── Source data
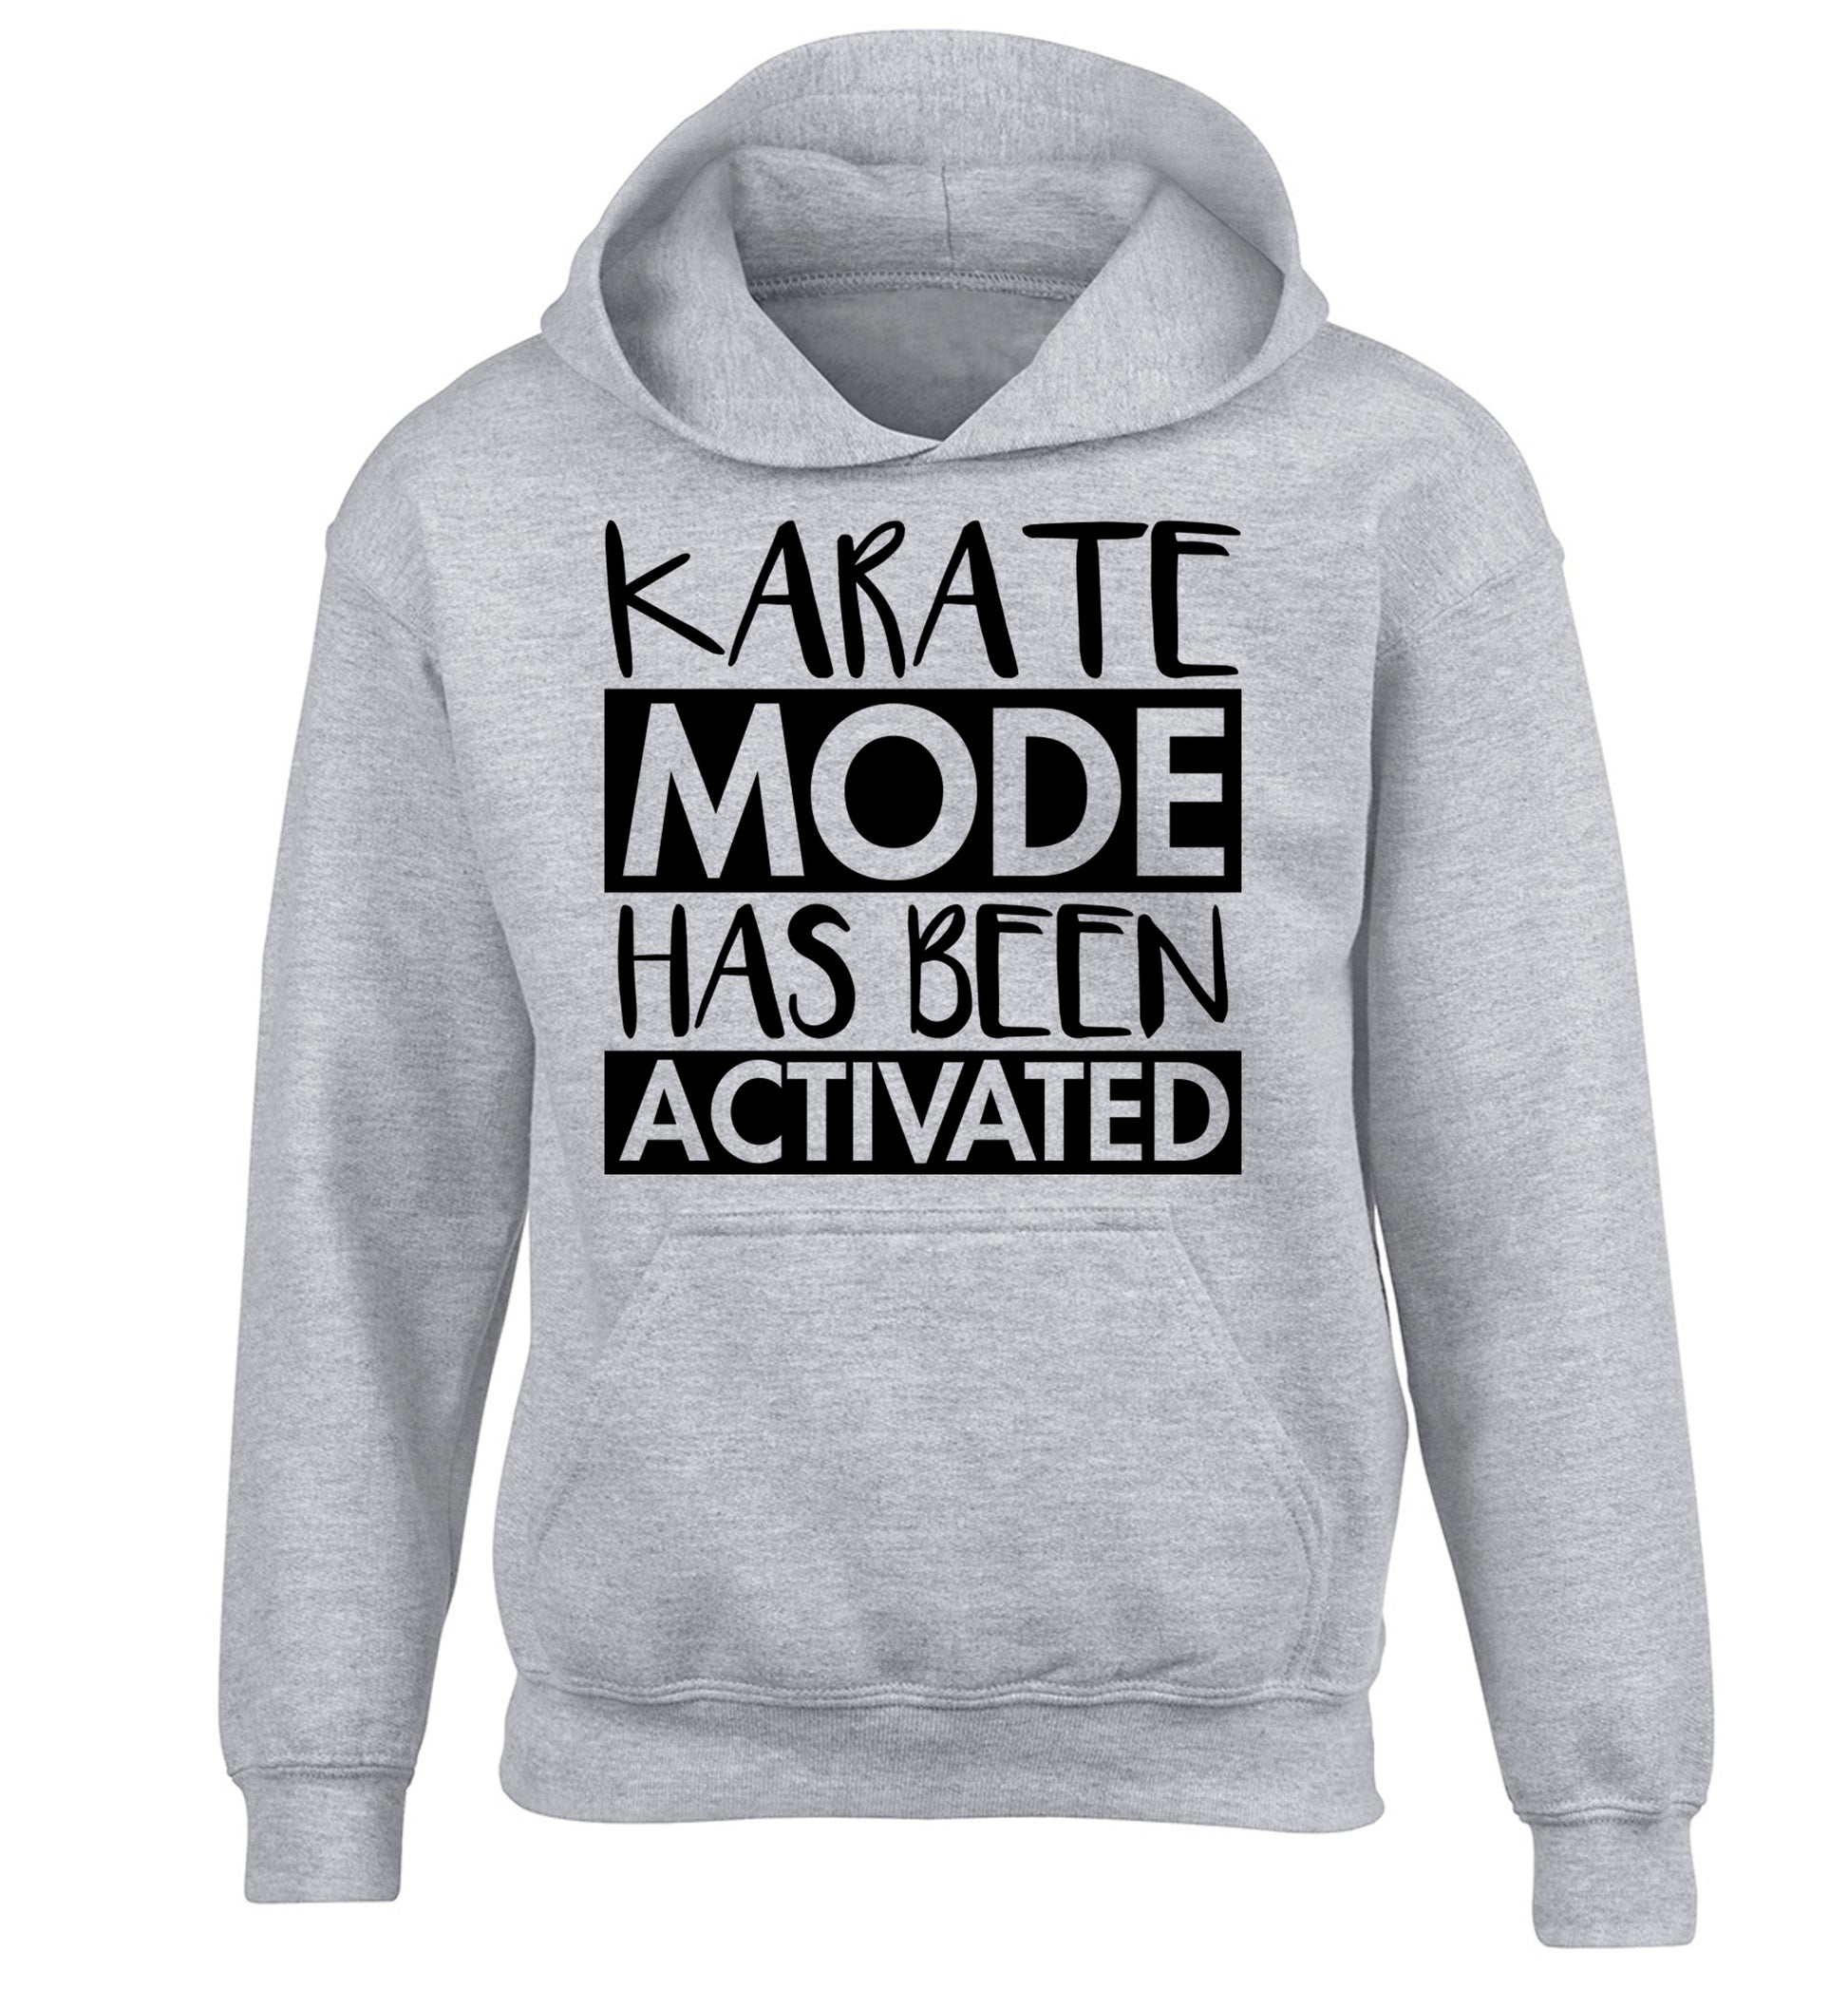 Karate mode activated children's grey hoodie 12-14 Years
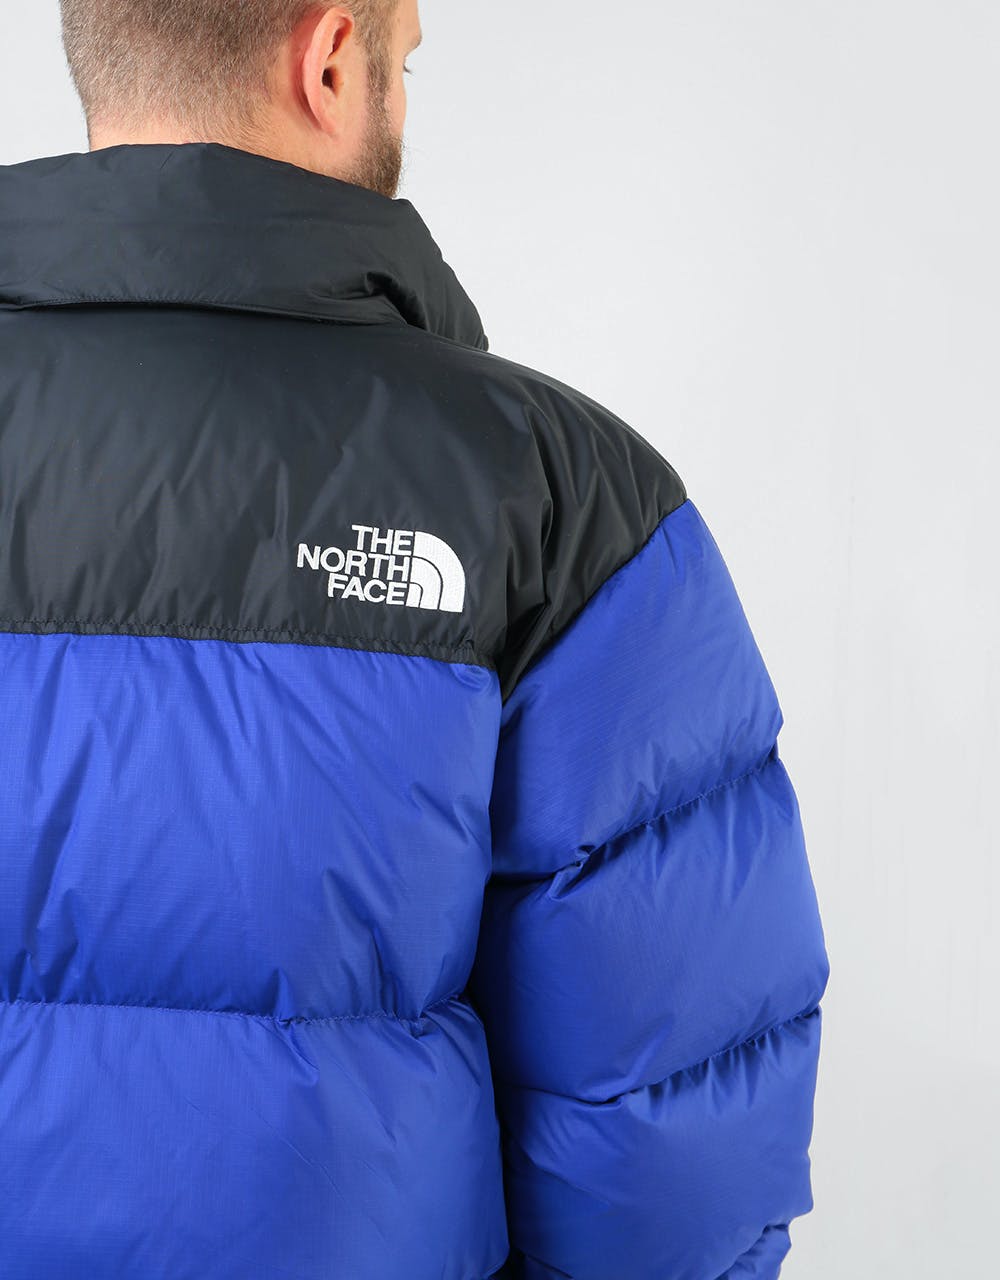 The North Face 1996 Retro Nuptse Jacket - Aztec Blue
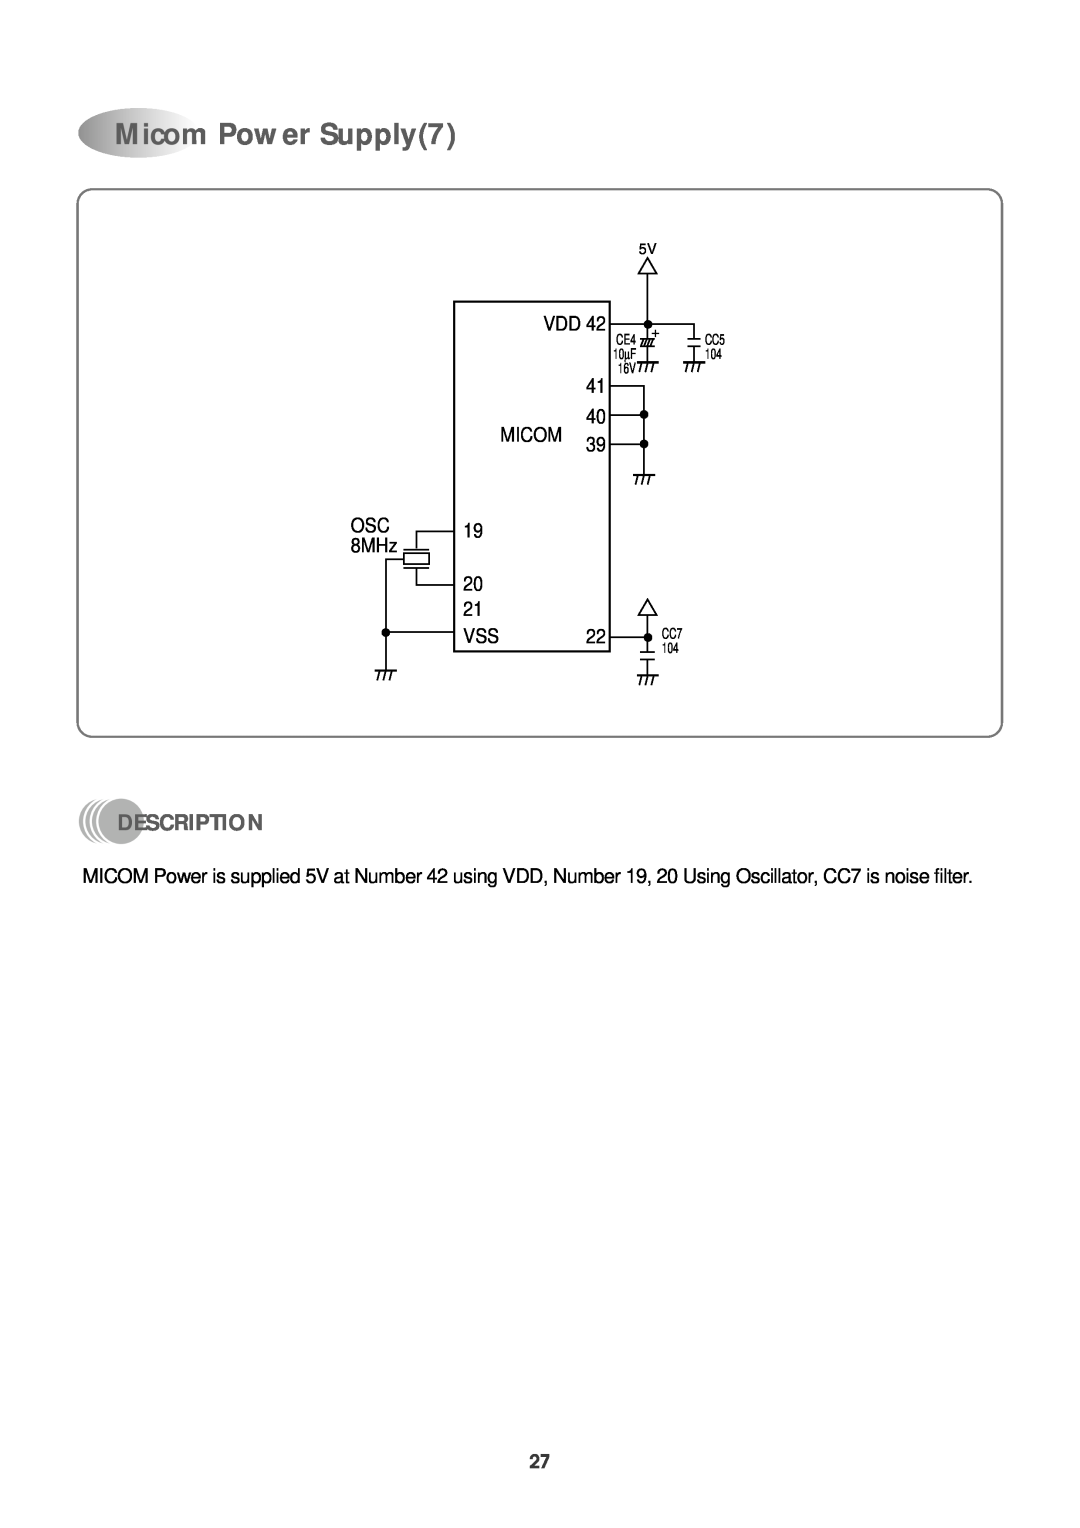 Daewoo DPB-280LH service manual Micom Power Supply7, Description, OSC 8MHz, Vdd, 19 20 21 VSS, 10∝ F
────
-- Assigned task --
Give back the whole listing exactly as it stands. Drop every picture.

-- Result for this task --
 Karate mode activated children's grey hoodie 12-14 Years
 The North Face 1996 Retro Nuptse Jacket - Aztec Blue
 Daewoo DPB-280LH service manual Micom Power Supply7, Description, OSC 8MHz, Vdd, 19 20 21 VSS, 10∝ F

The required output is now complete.